寒江临雪

余少能视鬼,或有生人至家中,尝以为客,答曰,家人未置,未知尊驾姓名,或曰,吾乃故人尔,余笑曰,“乃知其所谓焉,不知此番为何事乎?”曰,“特立独行,非有转世之苦,轮回之痛,只为求得几个香火烟钱,于黄泉路上买通阴差,免作孤魂野鬼罢了,还望公子可怜。”未几,阴风怒号,故人哀怨长叹,拂袖而去,余甚惧,心至于隅口,岁走于庙会闹事之中购得香火纸钱,以兄长之礼厚祭之,拂长袖而涕泪满巾。

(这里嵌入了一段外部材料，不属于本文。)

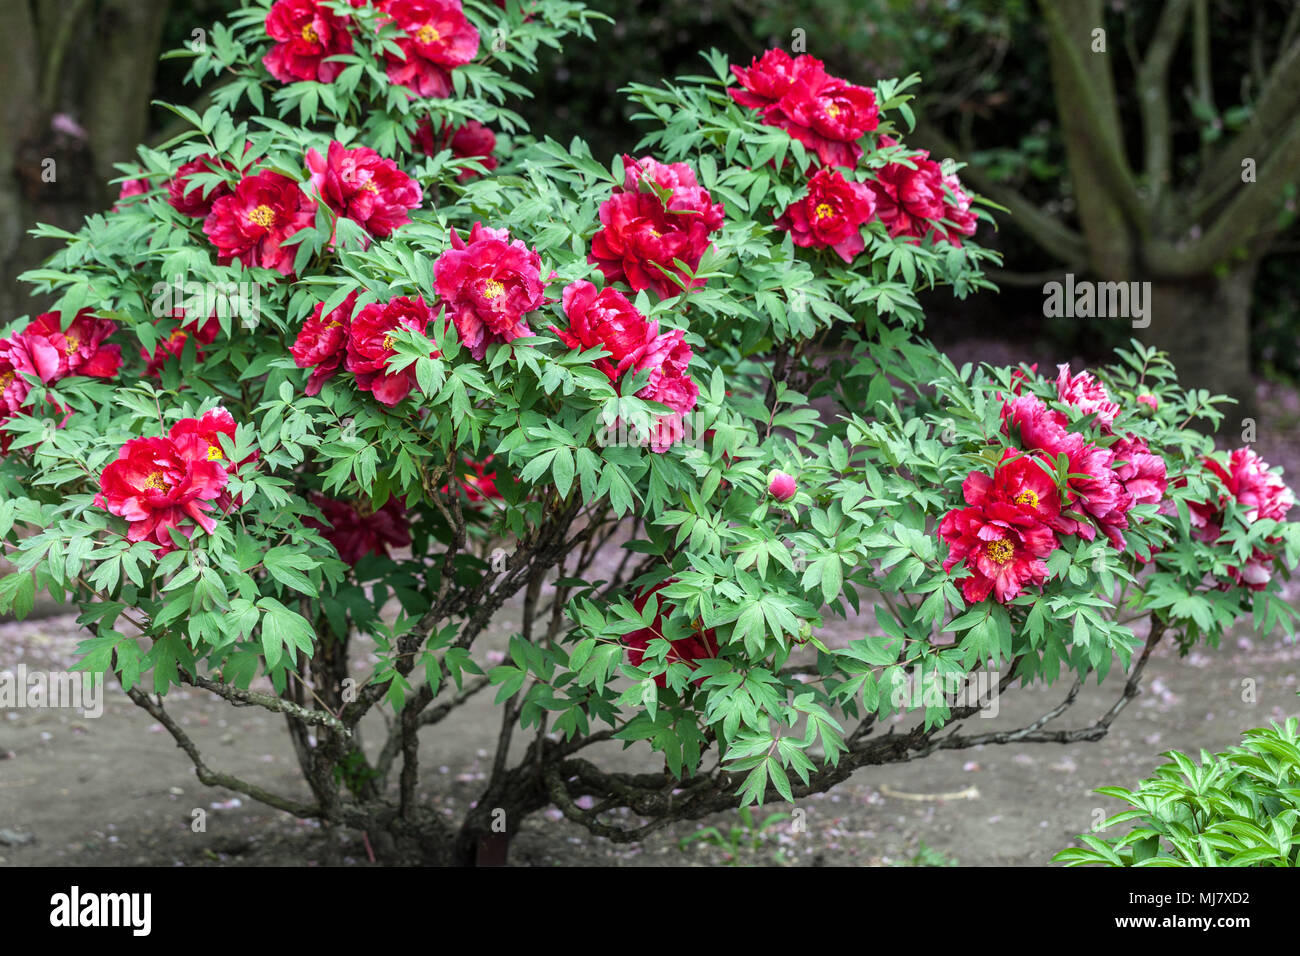 Paeonia Suffruticosa Japanese Tree Red Peony Red Peonies Stock Photo Alamy

戊戌之年,秋月既望,余与友人徒步于望庐山中,从小径而去,至一寒舍茶馆,馆人谓曰,“公子此番远游,还望小心便是,舍中常有异相,或有三更之磷火,五更之婴啼,甚哉,惧哉矣,若得活命,还望速速离去。”

余大惊曰,“既如此,何不同去,免得茕茕孑立,做得孤家寡人尔。”时馆人嬉笑曰,“吾闻落叶归根,而知秋投湖,泪鸿怨角,空教人瘦,茂苑人归,同惜天涯为旅,只惜小人乃古冢枯骨,先前所立庙会,乃冥界鬼市尔,公子不信,待天亮后自有分晓。”

瞬时,东方渐有鸡鸣,方才人物景象都已不见了踪影,友人疾走而大呼曰,“清君言者为谁,只见得尔夜晚行至枯井之旁,时而哀怨长叹,喃喃自语,甚是奇怪。”余静默不语,何人可为时而轻抹之。如尘如故,如犹在手之沙,汝执愈紧,则流愈疾也。

明崇祯十二年冬日,天大寒,大雪深数尺,川亦僵矣,气亦似欲凝之,舍妹媛姝重病,危在旦夕,日渐少食,而面容憔悴,余心不忍,痛心叹曰,“自幼相依为命,未料今日有阴阳之别。” 媛姝莞尔,道幼时托得兄长照顾,甚是感激,来世必当涌泉相报。”余大哭曰,“此生今世为兄妹,来世又何可认得,未知生,焉知死焉?”笑曰,“缘若尽,来生愿与花枝度得年岁,不求君临天下,只愿不枉此生,于乱世苟全性命尔。”言毕,忽而阴风大作,狂风四起,隐约中似有私语鬼窃之言,曰,早年成君祭拜之恩,今为冥府阴差,便是索人上路,若为令妹续命,倒也不难,此番湘江南山旁有寒江之水,水上有一妇人,手持七星续命纸灯,公子若想求得法式,还望速去。”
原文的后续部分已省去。